Sometimes you’ll see a cloud first mentality – “I will push everything to a public cloud because it will be my panacea”. With Metro Bank, we made sure that we analysed each of its applications to understand the commercial impact, the operability impact, who was using that application on a day-to-day basis, if it was going to be more cost effective and what the right solution would be.
We host the whole of Metro Bank today. If Metro Bank goes down in any way, it has to report itself to parliamentary committees, for example. And in the housing sector, they’re under similar scrutiny and regulatory controls in terms of what they do. So Metro Bank is a perfect example in the private sector and what we’re seeing mirrored by the housing sector is that we pick the right solution but take everything into consideration, not just the infrastructure.

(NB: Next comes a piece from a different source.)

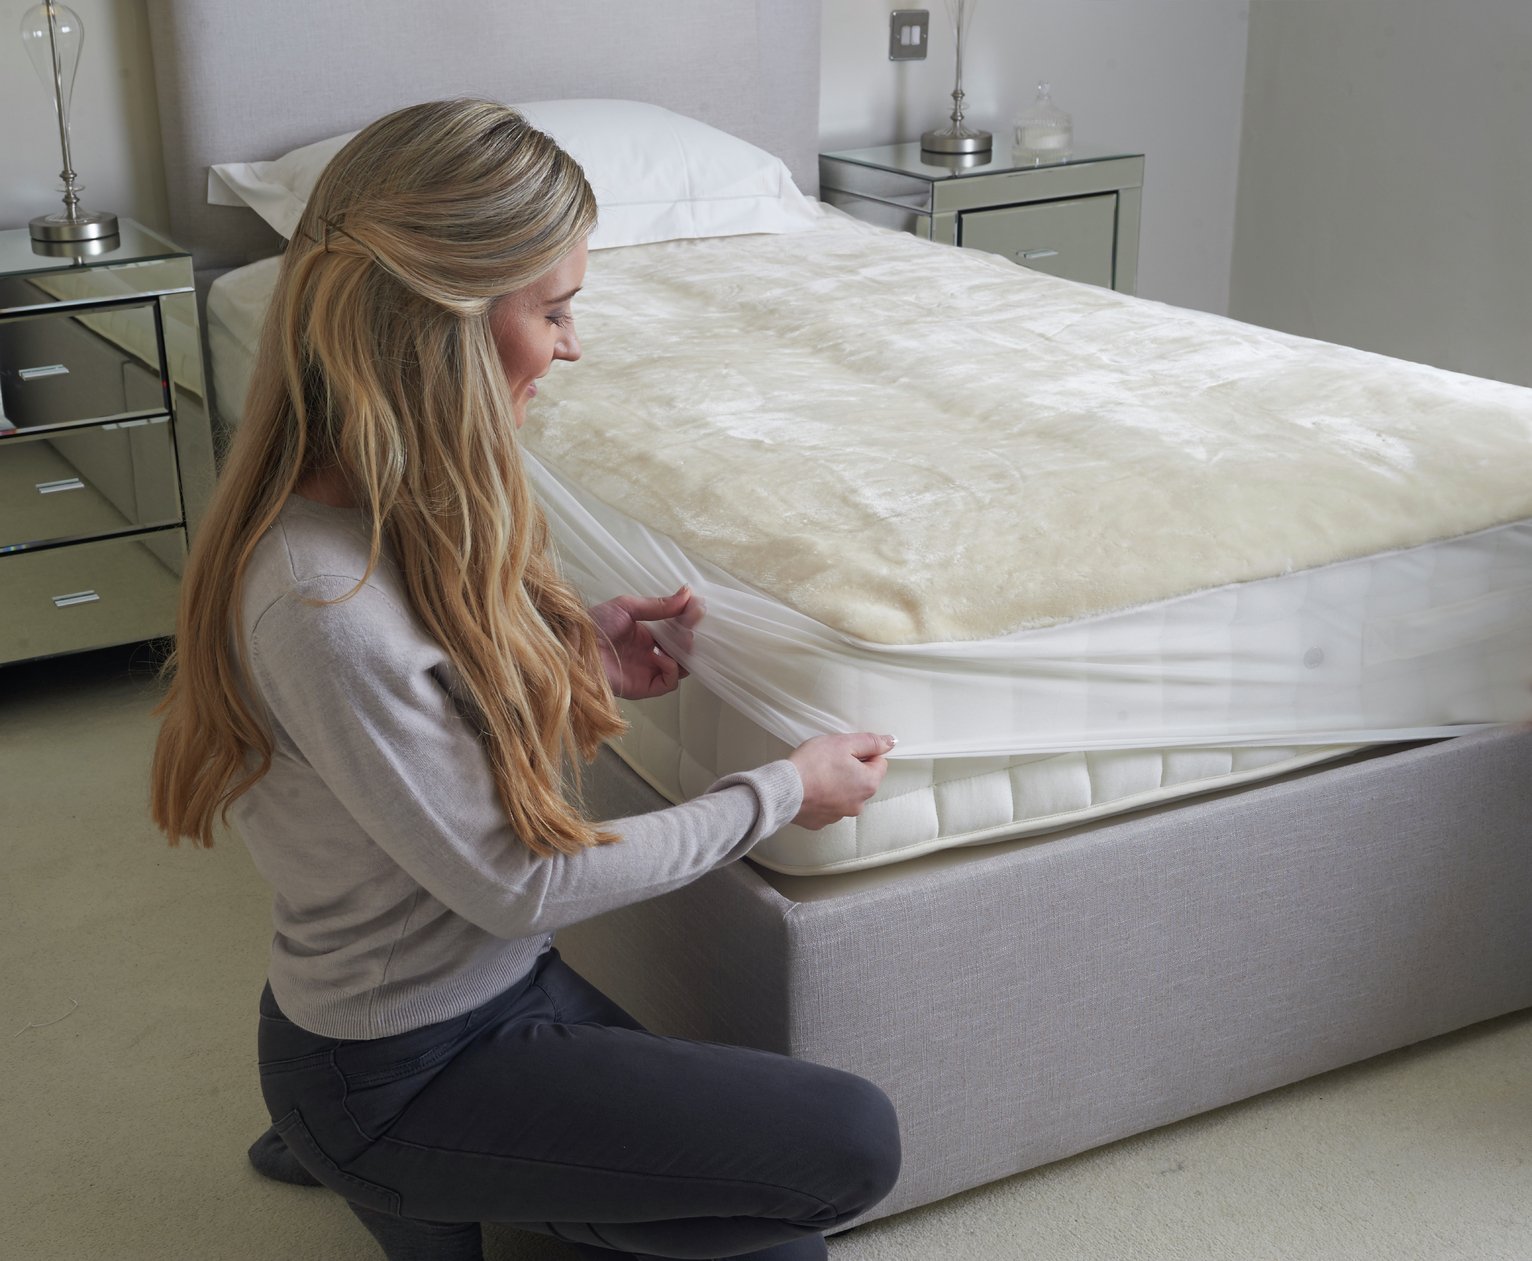 dreamland intelliheat mattress protector double dual

How have you helped companies create their own ‘customer centricity’?
‘Customer centricity’ is in Metro Bank’s own strategy. We’re showing that we’re a partner that thinks the same way. Come to Rackspace headquarters, see how we operate on a day-to-day basis and what we do in terms of how we look after our staff.
We have our own internal customer centricity, known as a technical career track. A number of our experts are technical, so our highest grade within that technical career track is the same level as a director within Rackspace.
We want you to be the best technical person you can be, without having to manage different people, and we’ll reward you for that because we think that’s amazing.
Have you always had that ethos?
Yes, from day one. We call it a fanatical experience. We want to give you the best support experience you could ever have, we give dedicated people to dedicated accounts, and we make sure that you speak to a ‘racker’ that understands you.
We have something called ‘Fanatic of the Month’, and we stand up and tell everybody how things are coming on. It’s about transparency, and then we celebrate successes. We also highlight where we’ve areas to improve, and take both customer feedback and all the ‘racker’ feedback and make sure that we act on that.
Rackspace is more than just a job; it feels like a home. We have passionate people that love coming to work and actually solving problems but, more importantly, love working with the people that they work with.
Housing Technology would like to thank Lee James, CTO of Rackspace, for taking part in this interview.